Recorded data:
+-------+
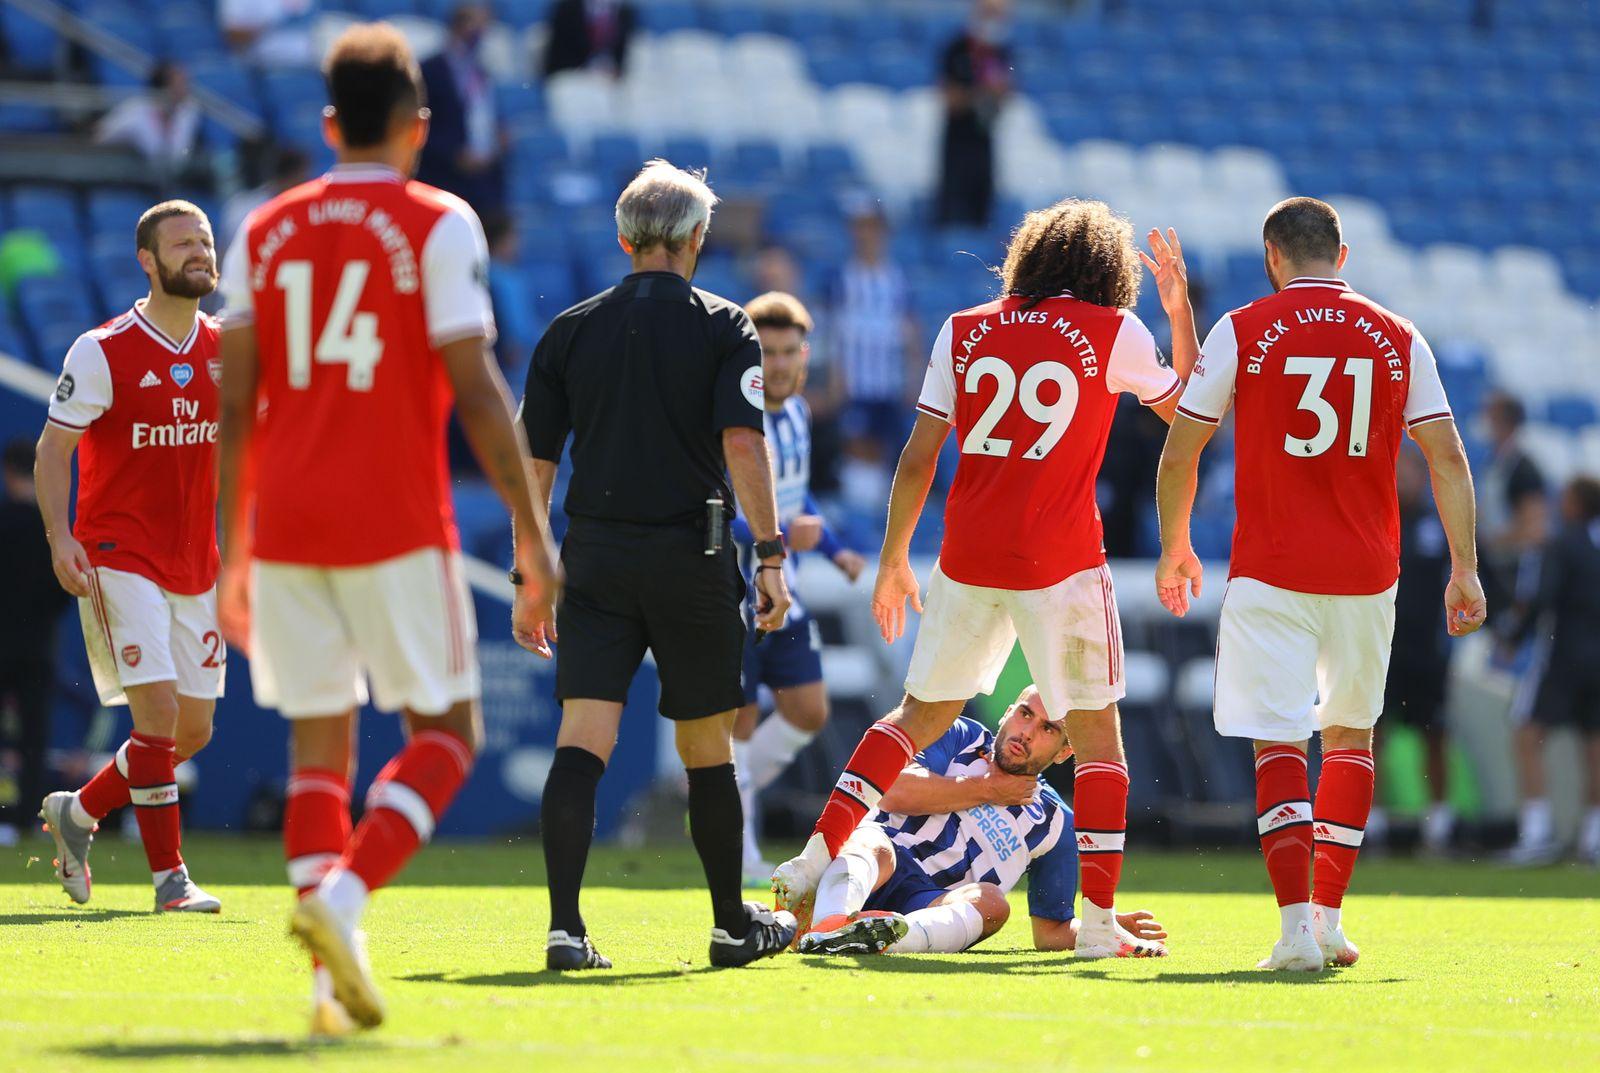 Premier League - Brighton & Hove Albion v Arsenal
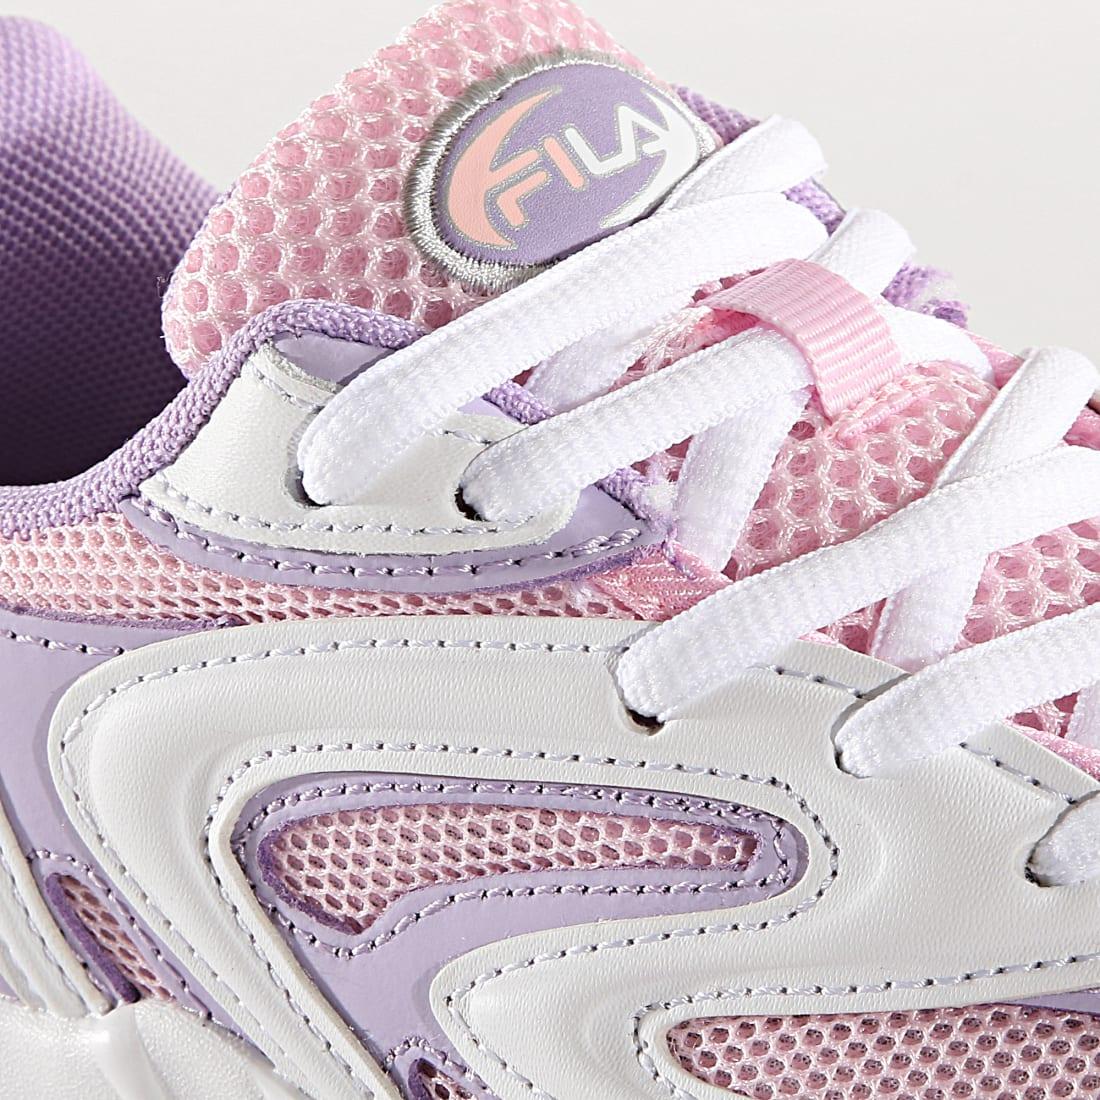 Fila Baskets Femme Fila Buzzard 5RM00627 Chalk Pink White
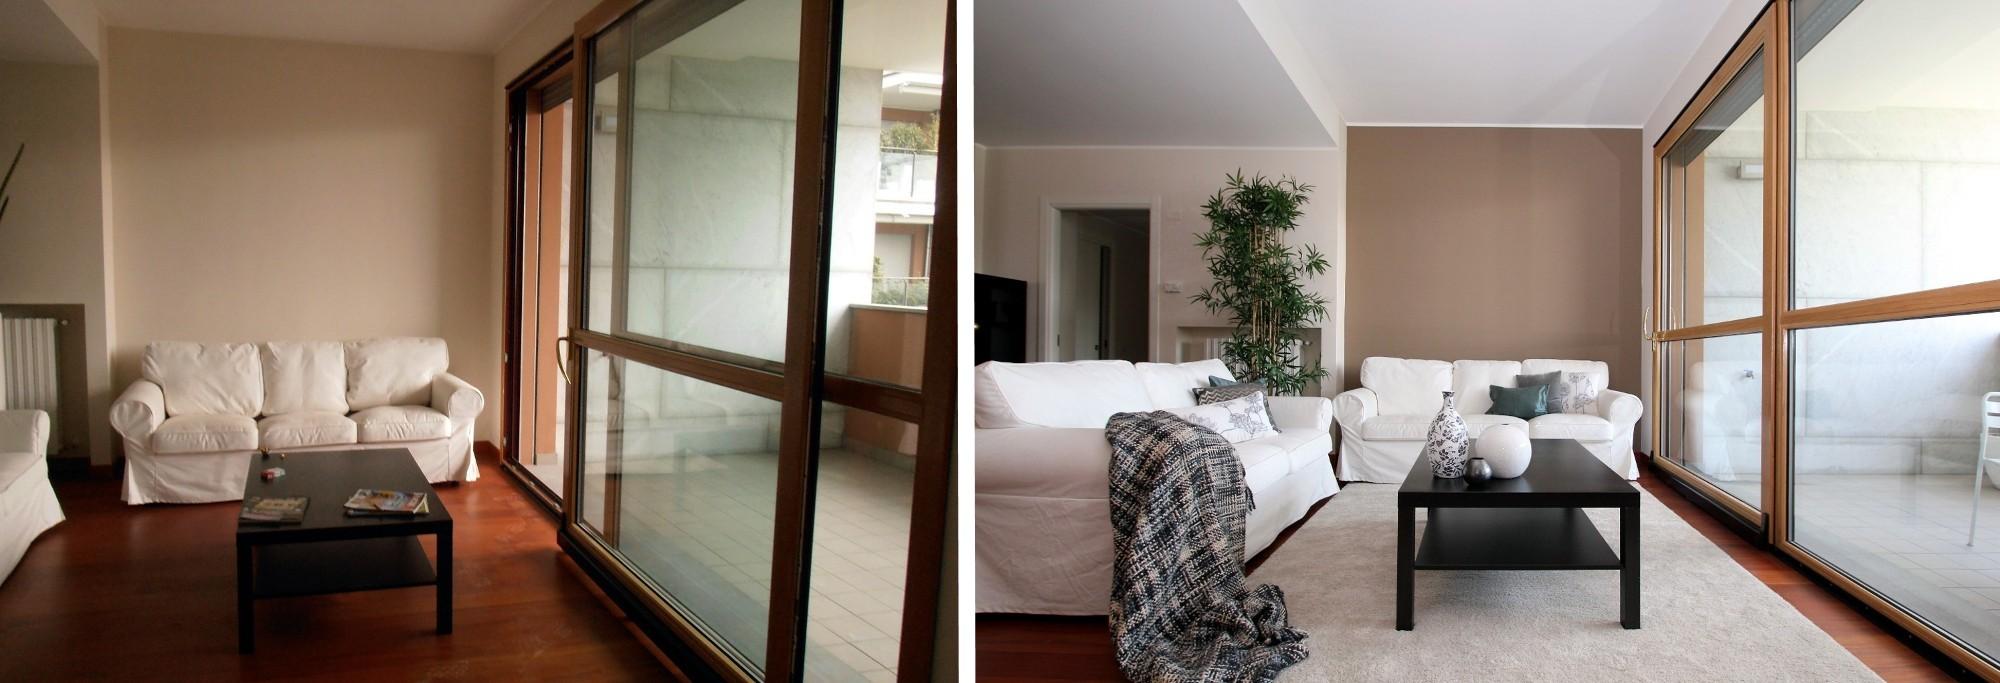 Trucchi per vendere casa come valorizzare un appartamento for Come costruire un appartamento garage a buon mercato
+-------+
Problem statement:
Could the listing above be transcribed exactly, with the pictures left out?

Your response:
 Premier League - Brighton & Hove Albion v Arsenal
 Fila Baskets Femme Fila Buzzard 5RM00627 Chalk Pink White
 Trucchi per vendere casa come valorizzare un appartamento for Come costruire un appartamento garage a buon mercato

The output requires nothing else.